Taking up John’s challenge, I suggest a detour into the world of fiction. My recommendations are two works by Milan Kundera, who deserves the Nobel Prize in literature more than anyone else who has won it recently.

The Joke

This was Kundera’s first novel, which is amazing given its depth of understanding and elegance of style. A student in the Soviet Union in the 1960s tries to impress a beautiful young commrade and, in making a clumsy joke to get her attention (he tells her that “optimism is the opiate of the people”), is swept into the gears of the totalitarian state. Be sure to get the version pictured above, all other English translations, especially the original, are bad.

The Unbearable Lightness of Being

I throw this in because its title scares away many people, who assume it’s a nihilistic romance.

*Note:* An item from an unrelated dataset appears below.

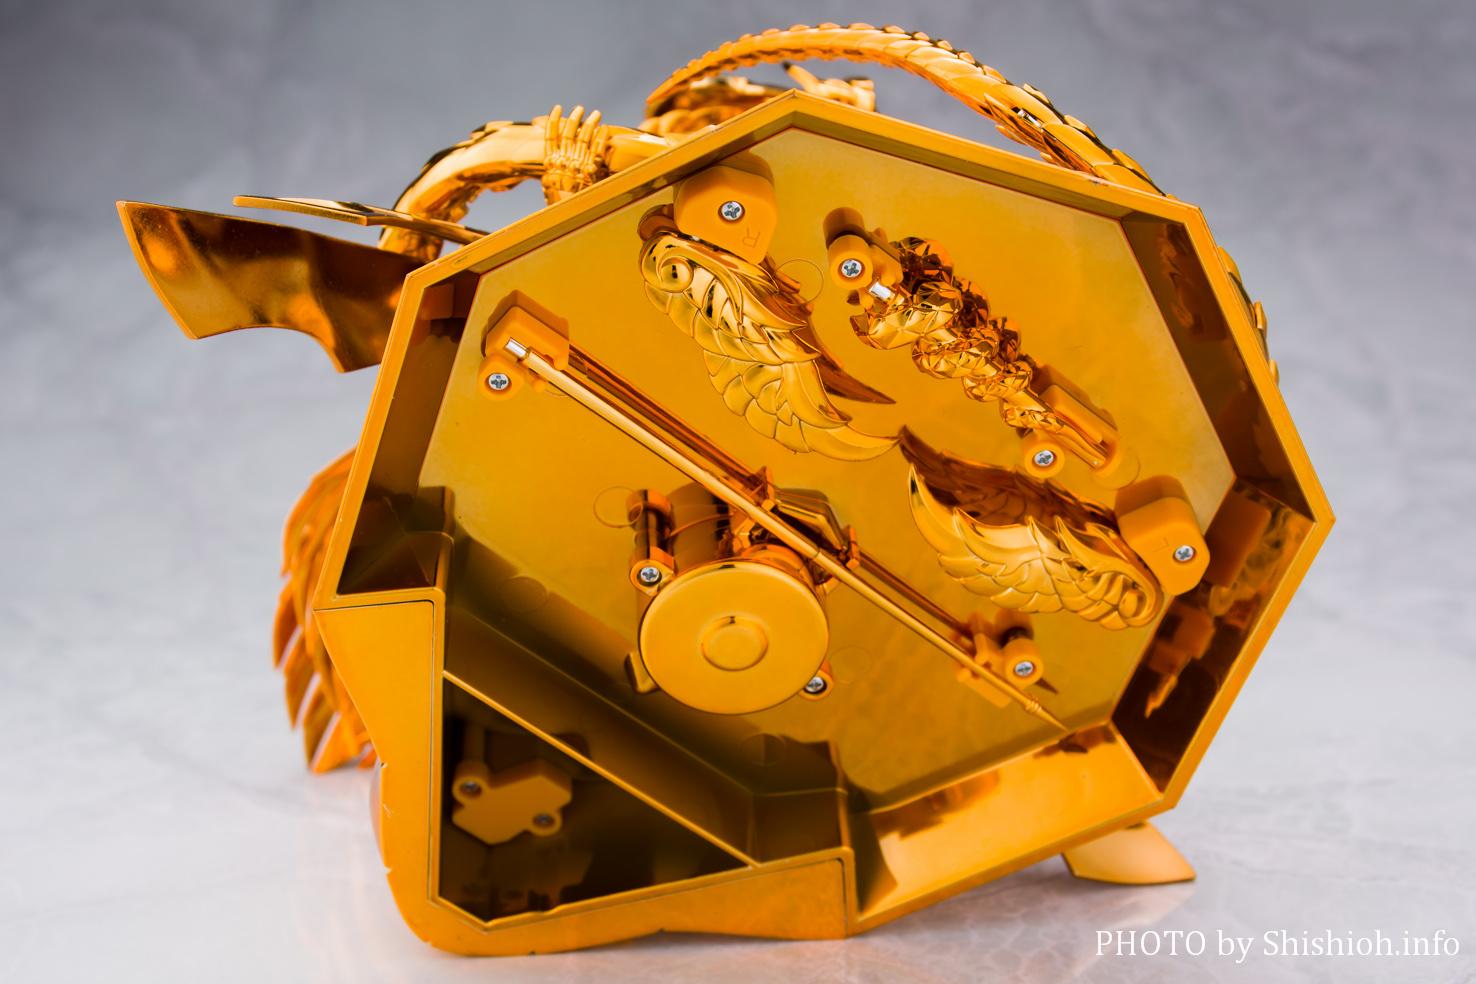 聖闘士聖衣神話EX 十三番目の黄金聖闘士 〜ORIGINAL COLOR EDITION〜

It is a love story, and much more, but hardly nihilistic. A playboy surgeon who is one of the best physicians in the country returns to Prague after the Soviet invasion of 1968. (He does this for a woman.) He writes a throw-away opinion piece for a local newspaper, which draws the attention of Soviet officials, who try to force him to recant one small part of it. Though it would be easy to do so, he refuses. Because he won’t falsely accuse the paper’s editor, who the Russians really are after, of doctoring his piece, his life is diverted to a strange and unproductive path where he winds up doing odd jobs on a farm — while people in Prague die for lack of competent physicians.